• **WORK INSTRUCTIONS**
Without including any images, please transcribe all the lines below exactly.

• **GIVEN DATA**
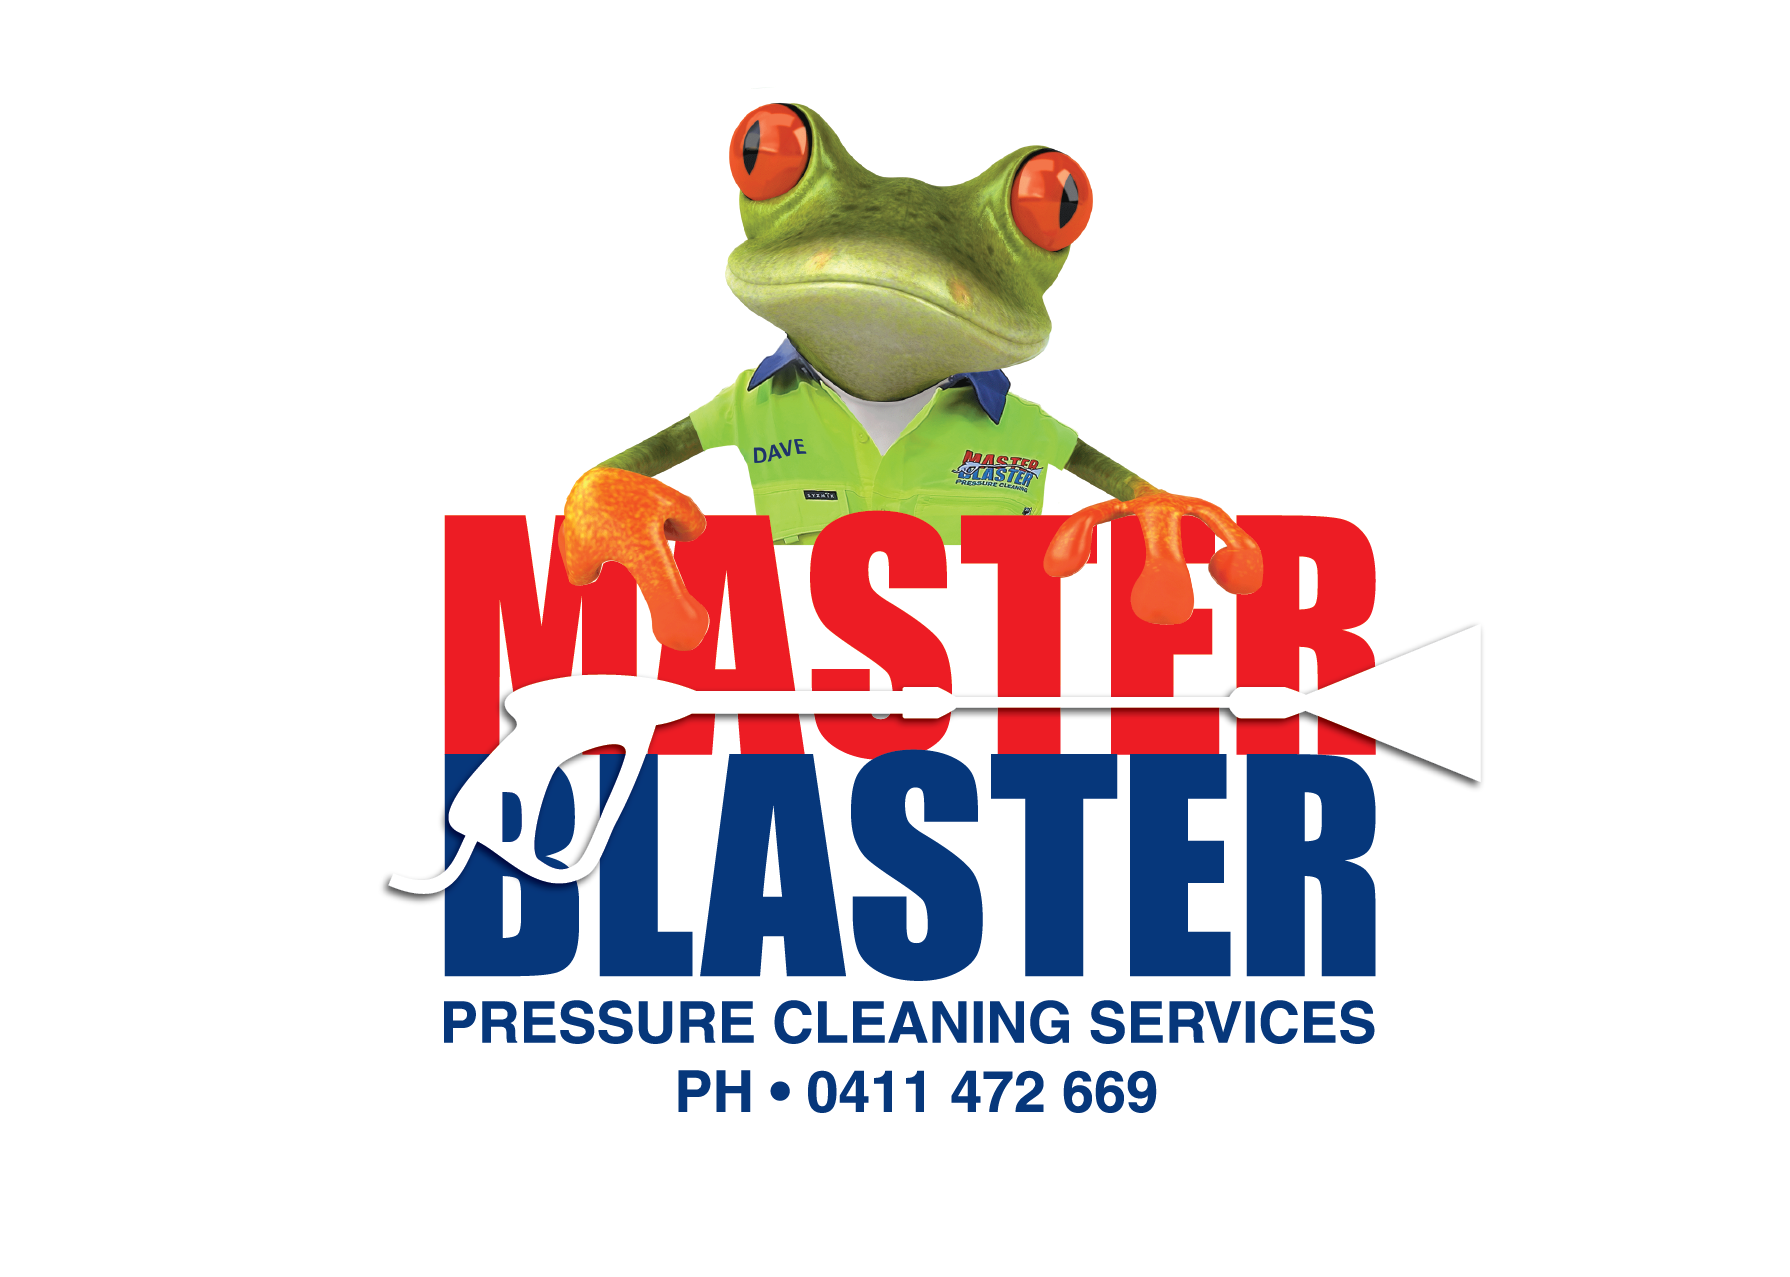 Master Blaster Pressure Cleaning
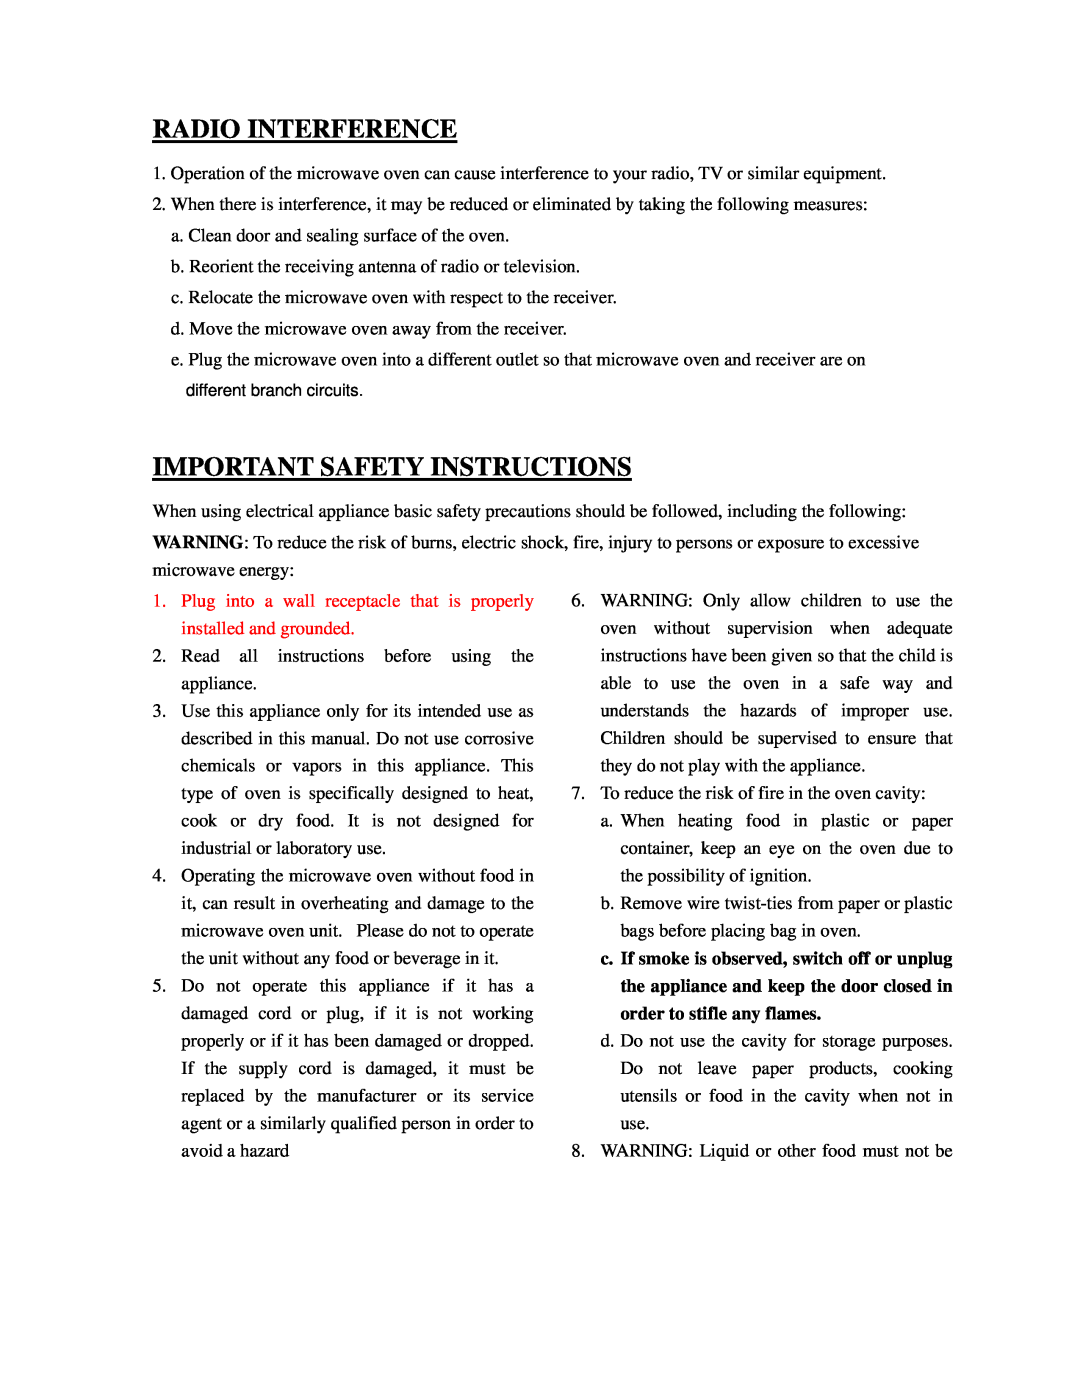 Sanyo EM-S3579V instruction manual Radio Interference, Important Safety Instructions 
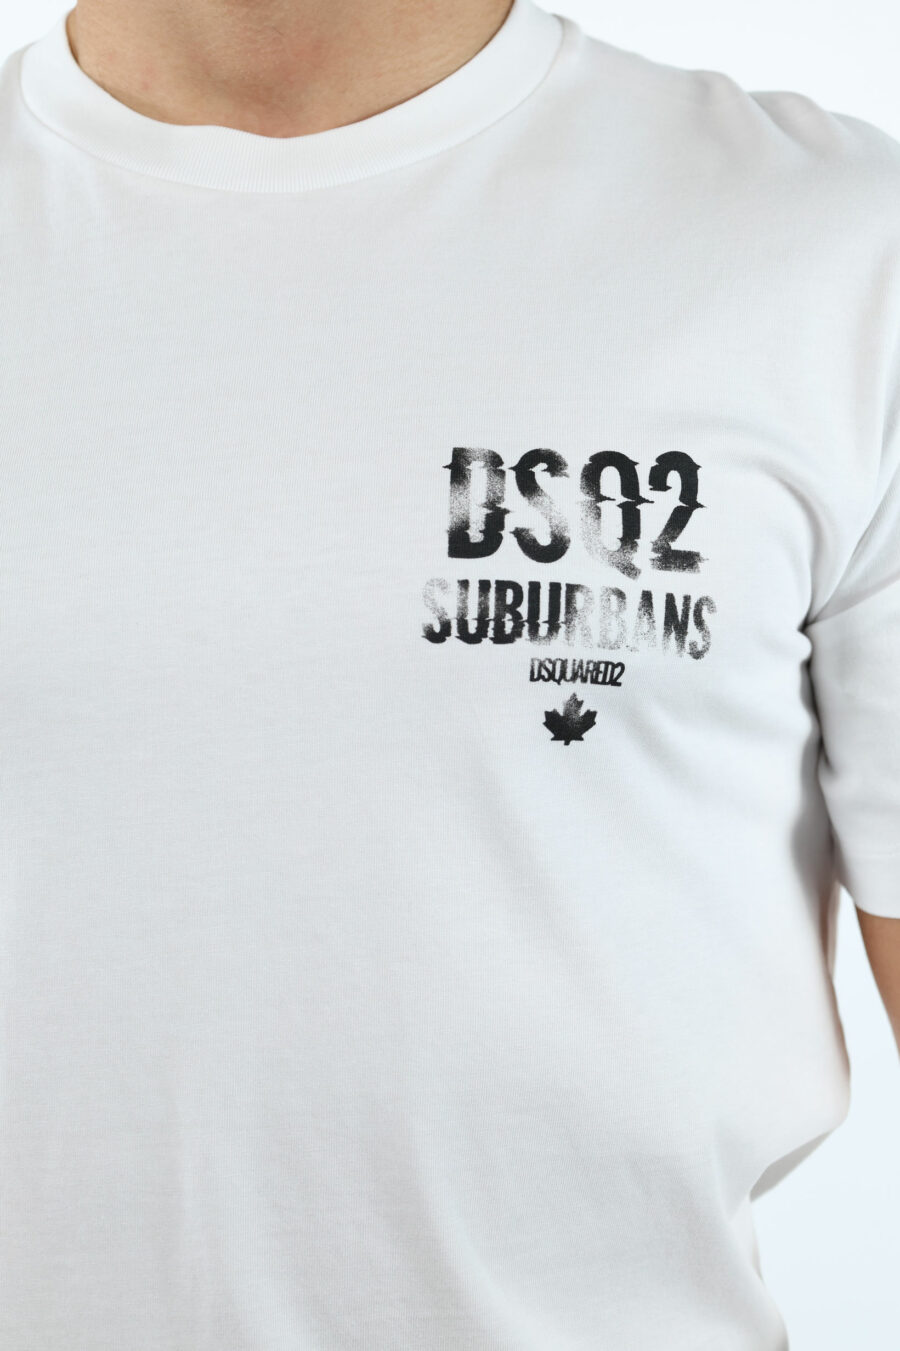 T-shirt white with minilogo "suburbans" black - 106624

• **SOLUTION FOR THIS TASK**
 Master Blaster Pressure Cleaning
 Sanyo EM-S3579V instruction manual Radio Interference, Important Safety Instructions 
 T-shirt white with minilogo "suburbans" black - 106624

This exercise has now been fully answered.